OK, which is it, a recording board or a live sound board?


I share your concerns, Mike. I now do the same thing for my church. Live
mixing takes so much of my attention that even punching in the cassette
machine for the sermon isn't as reliable as I'd like it to be.


I've been there (though not at church, but at festivals) where in the
heat of getting the console set up while the band is still deciding
where the players will stand) I've forgotten to press the Record
button until half a minute into the first song - probaby just as well
since it usually takes that long to get something resembling a musical
mix when you don't have any idea what it's going to sound like. My
policy has been "tape is cheap (at least DAT tape was cheap) so just
let it run during the setup."

If I'm serious about getting a quality recording, I remix the individual
tracks from a digital recording where one mic equals one track. In essence I
redo the whole job from scratch.


That's reasonable, too. The question is just how serious do you want
(or need) to be? Often people take these routine jobs too seriously to
have fun at it. But that's between you, your congregation, and your
conscience.

All of the folk festivals I do are "documentary" recordings, all
straight to 2-track from the live console. Sometimes it's just the
same mono mix that feeds the speakers - which works just fine for all
acoustic acts. Sometimes if the mixer allows, we'll bus the channels
so that the pan pots can spread the recorded mix out in stereo which
helps sort things out when you're listening and not watching. And
sometimes, particularly when there are amplifiers on stage, I'll feed
the tape (always in mono in this instance) from a pre-fade, post-EQ
auxilary send so I can up things in the recording that are essentially
off in the house mix because the amps are too loud on stage.
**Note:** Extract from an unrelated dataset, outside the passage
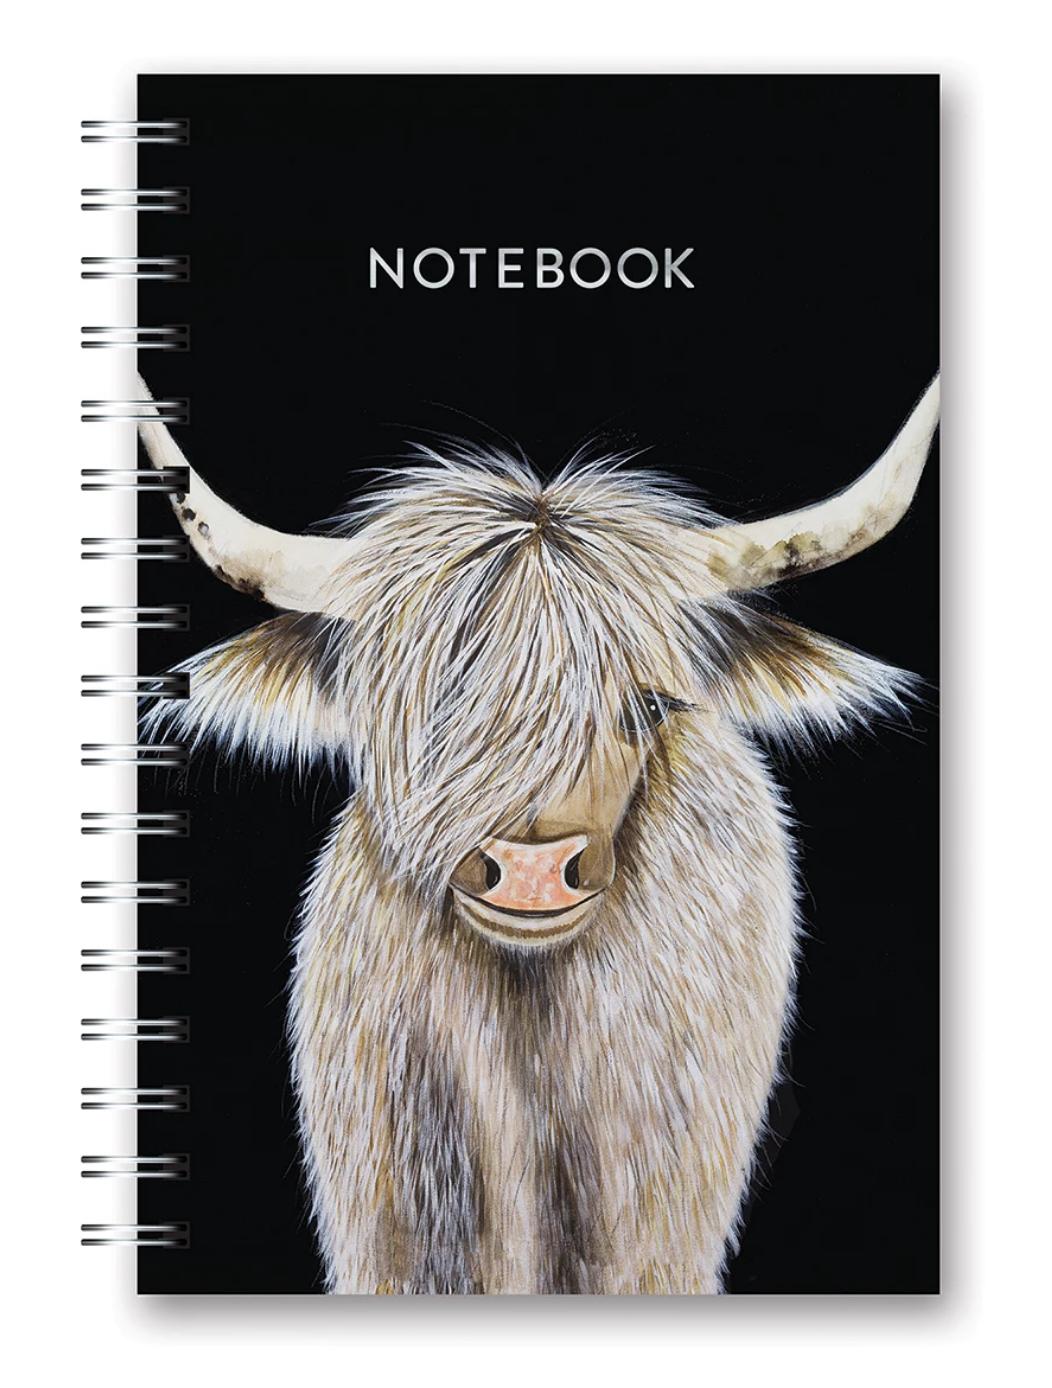 Studio Oh Spiral Notebook Medium - Beau

IME live sound mixing is a way different game than mixing for recording.
Similar tools, but a different game. Yes, you can kinda throw together a
static mix for a recording of a live event that's often not too grim. But
for best results...


Yup. If I'm being paid to record a concert, I let someone else do the
live sound. I can make the decision (sometimes dictated by budget) as
to wheter to mix on the fly or record multitrack - and even then I'll
do a stereo mix just so I can hear what I'm recording.

Other details Ron posted suggested yes, this is going to be traditional
church work. Also it sounds like a very traditional form of worship which
favors simplicity.


In which case, a straightforward console is probalby the best bet.
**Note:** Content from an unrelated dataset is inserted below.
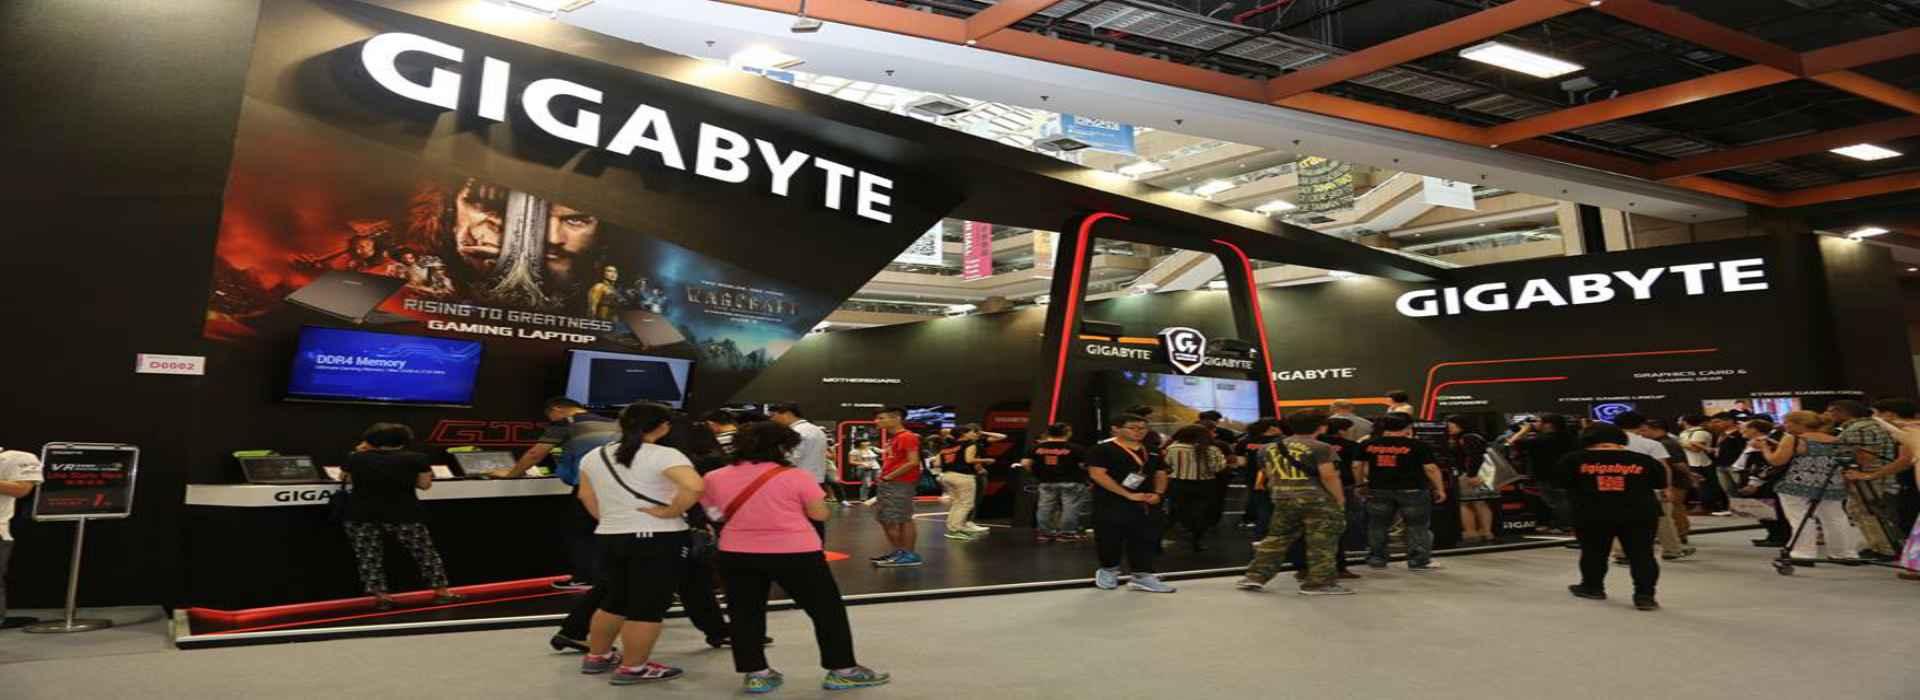 Gigabyte Customer Service Number Malaysia, Address

In live sound applications, analog really doesn't seem to be that bad.


I know that, and you know that, and so do all the companies who still
make live sound analog consoles, but today's generation wants to go
digital as early in the chain as possible and stay digital until the
bitter end. For sure you can get more featues for less money with a
digital console than with an analog console. This often equates to
more features than you will ever use, for about the same amount of
money as you'd spend on an analog console where you'd use everything,
because it's easy and intuitive.

The Mackies fell off my short list because they don't seem to have a lot of
aux outs. 4, right? I'm currently using 6 of the 8 on my SR32, and can see
a nearly-immediate need for the other two.


The initial Onyx models were pretty close parallels to the VLZ compact
series - "compact" being the operative word. You couldn't use a
1604VLZ Pro for your gig either. At the AES show, Mackie showed an
Onyx replacement for their large format 8-bus live sound boards with 8
auxilary sends per channel. But those are a way off yet. The OP
wouldn't get 8 aux sends out of an 01V either.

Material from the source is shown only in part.